Dr. Kramer thinks that CBD’s therapeutic potential is enormous, but there’s the legality issue, mainly due to insufficient clinical trials. “I’m hopeful that with more research and studies the legal barriers will fall,” she says, “and then we will be allowed to prescribe CBDs.”
(Although the American Holistic Veterinary Medical Association officially encourages research into the safety, dosing and uses of cannabis in animals, the American Veterinary Medical Association has not yet condoned the use of medical marijuana and related products with animals.)
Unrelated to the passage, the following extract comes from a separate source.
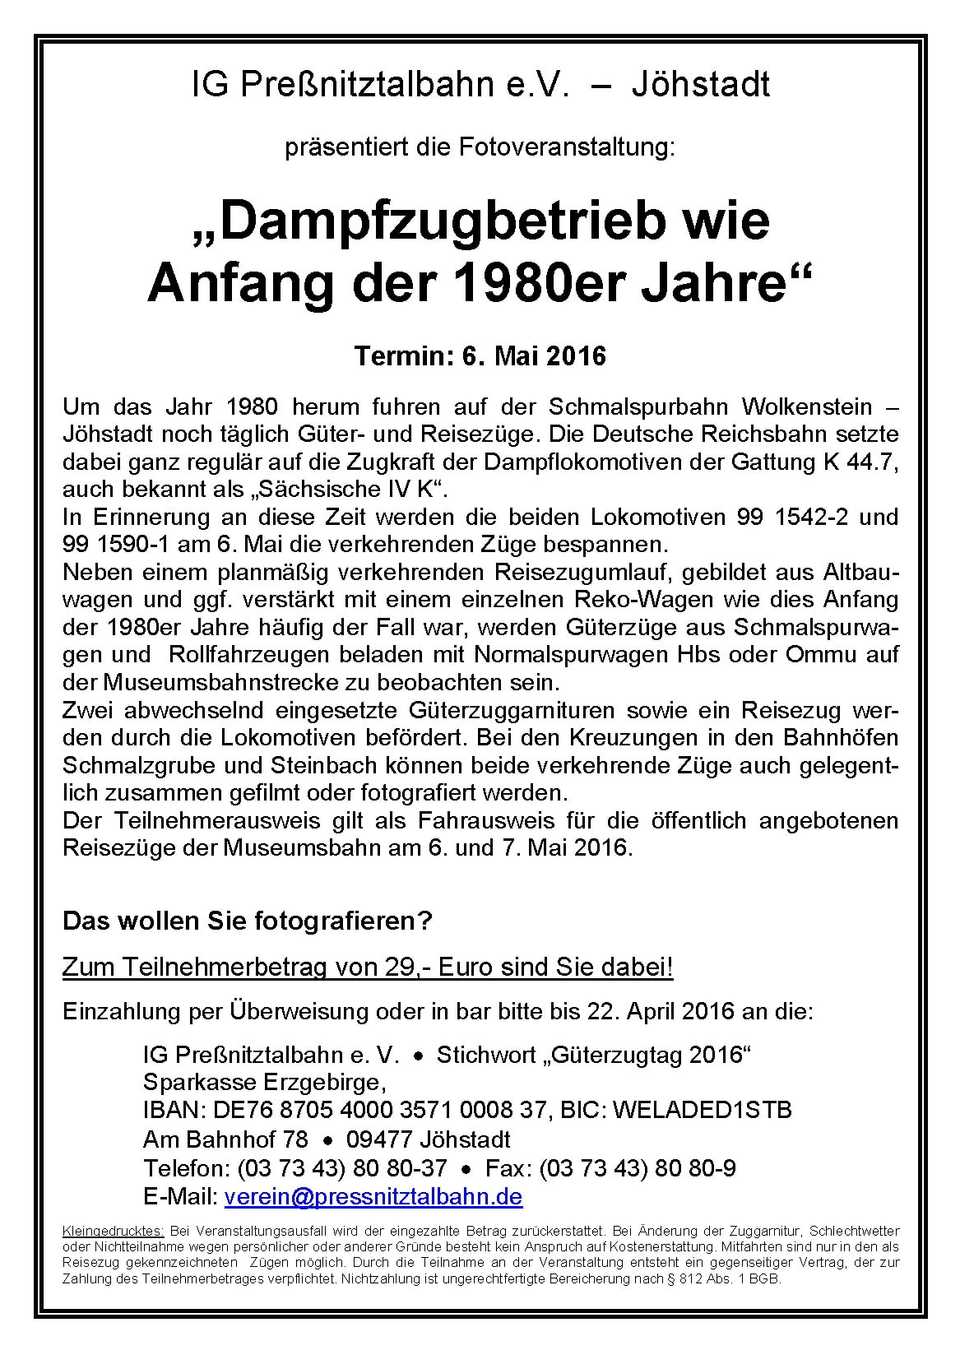 Veranstaltungsankündigung für „Dampfzugbetrieb wie Anfang der 1980er Jahre“ am 6. Mai 2016.

What is CBD and how does it work?
CBD is short for cannabidiol, one of more than 60 nonpsychoactive compounds found in both hemp and cannabis (aka pot) plants. It creates beneficial physical changes to the body’s endocannabinoid system—known to affect bodily processes such as digestion, mood, and sleep.
Endocannabinoids are the chemical messengers that tell your body to get these processes moving and when to stop; they help maintain optimal balance in the body, also known as homeostasis. When the body does not produce enough endocannabinoids or cannot regulate them properly, you are more susceptible to illnesses. CBD is known to have anti-anxiety, anticonvulsive, anti-nausea, anti-inflammatory, and antitumor properties.
In British Columbia CBD is available in pet stores and every corner dispensary, and the rest of Canada is catching up. Starting October 17, 2018, Canadians will legally be able to use recreational marijuana, but it may take longer for Canadian pets to get their paws on cannabis derived treatments. Good news is that Health Canada recently approved a clinical trial to research the use of cannabidiol (CBD) to treat animal anxiety.
In the U.S., if you are in a hemp-legal state, you can order online. CBD aficionados, regardless of which state or province they live in, seem largely unconcerned with legal repercussions as punishment for procurement has thus far proven unlikely.
To give you some idea of pet cannabis consumption in the US, sales of cannabis products marketed for pets at medical and adult-use cannabis dispensaries in 2017 totaled nearly $7 million in California, Colorado, Oregon and Washington, according to BDS Analytics. In Colorado, sales of pet products grew almost 50 percent in 2017.
For her part, Susan Bolotin says CBD has been a godsend. “It won’t make Nikki better but it’s my job to make him as comfy and happy as possible and I rely on CBD to help me do that.”